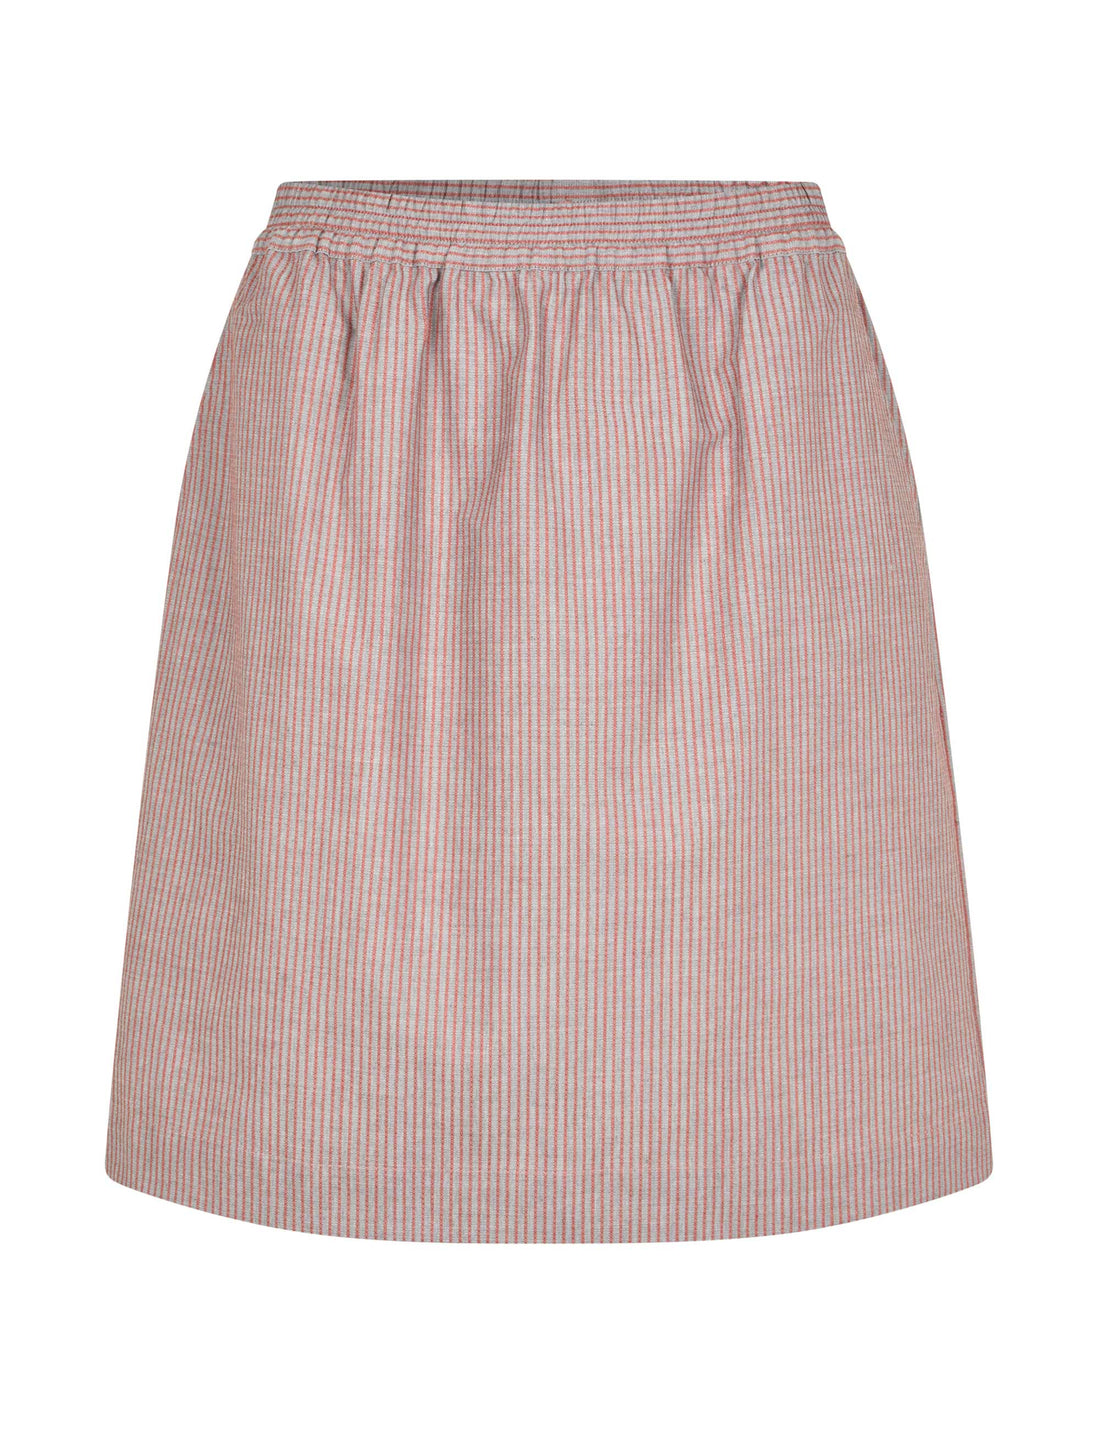 Kamille skirt grey/red stripe
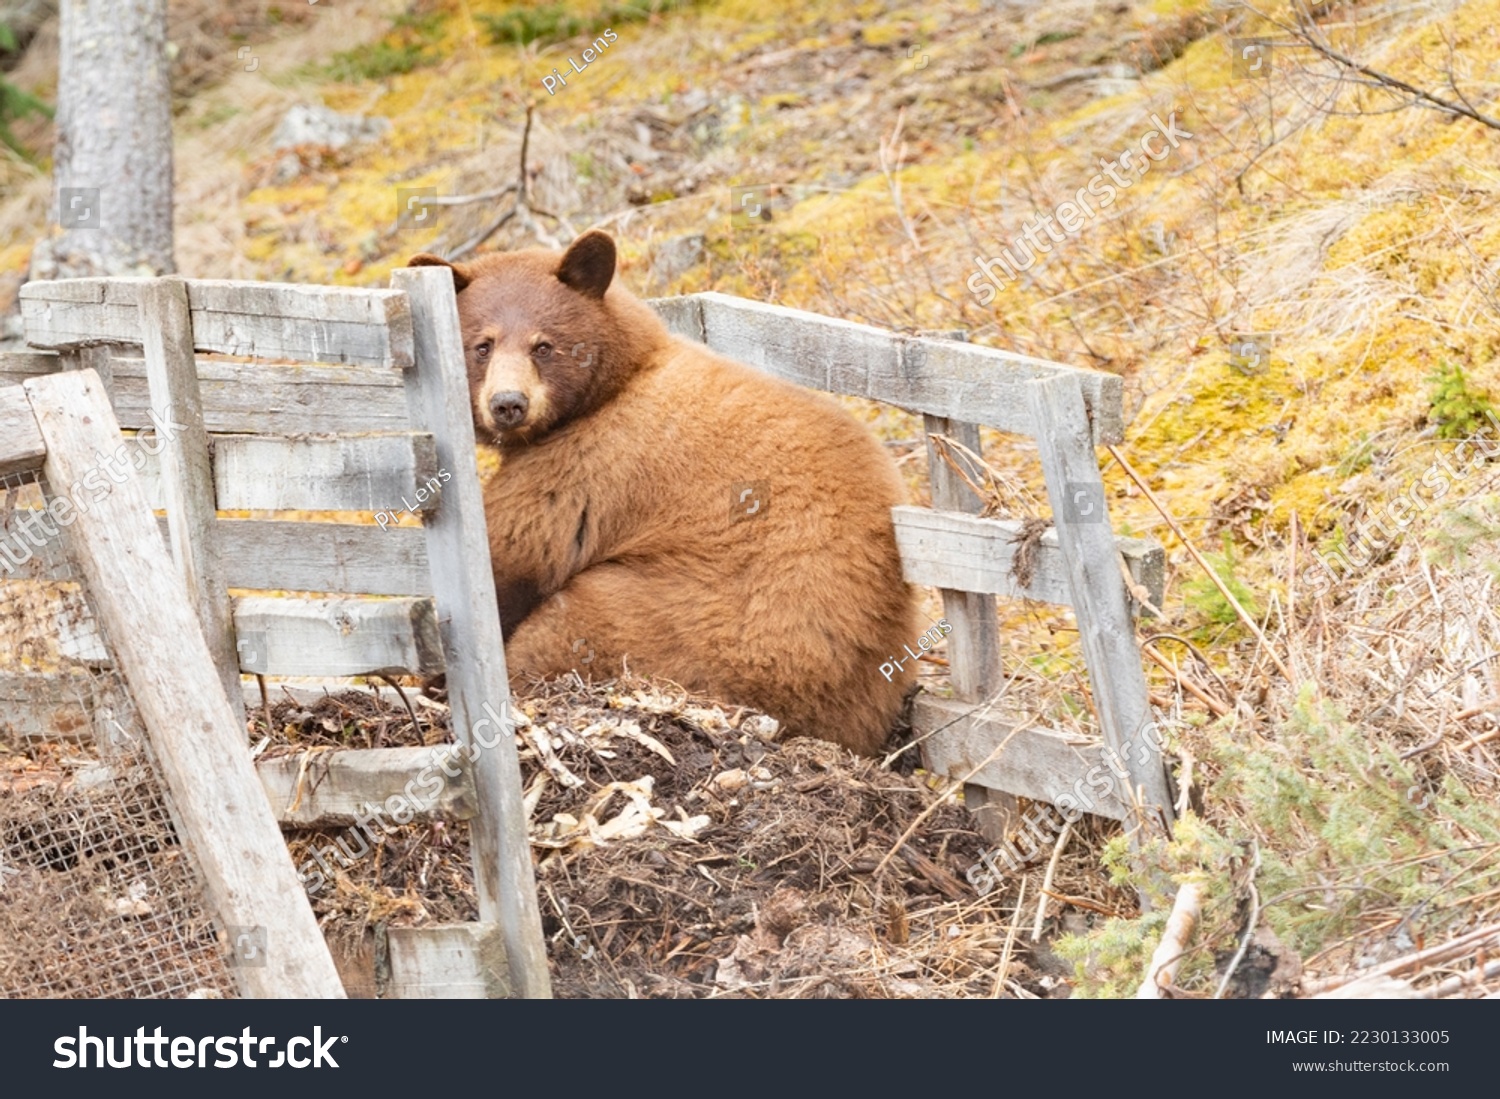 Big fat brown American Black Bear, Ursus americanus, squatting on garden compost searching for food scraps #2230133005
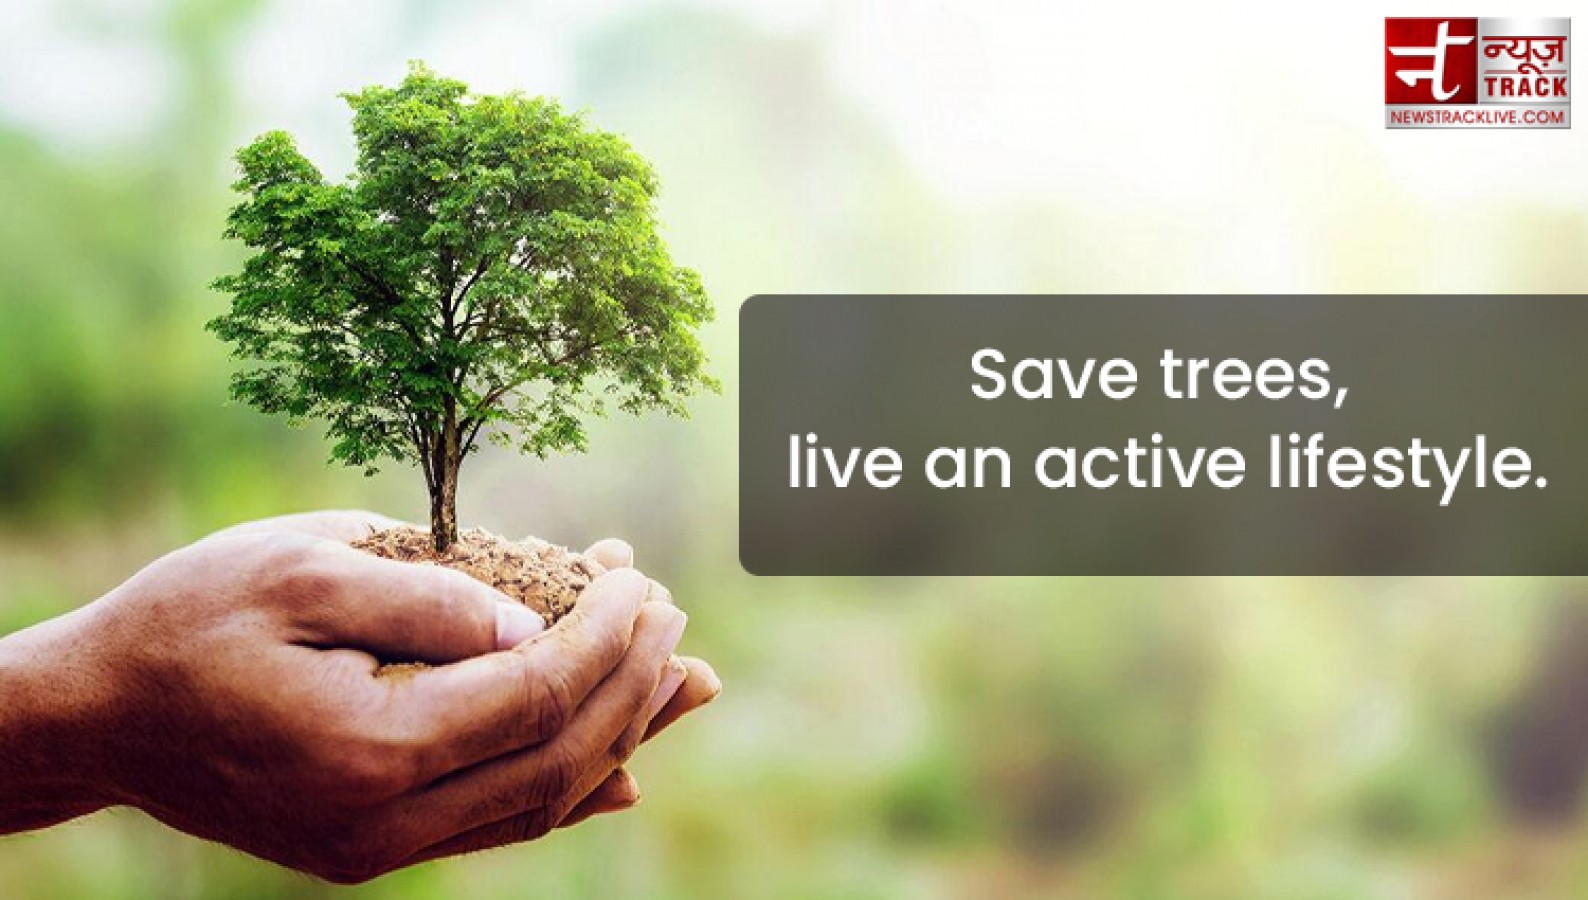 Astonishing Compilation of Full 4K "Save Tree" Slogan Images - Ov...

__What you need to do__. Write out the material above once more, word for word. Images stay out.

__Response for this exercise__.
 Kamille skirt grey/red stripe
 Big fat brown American Black Bear, Ursus americanus, squatting on garden compost searching for food scraps #2230133005
 Astonishing Compilation of Full 4K "Save Tree" Slogan Images - Ov...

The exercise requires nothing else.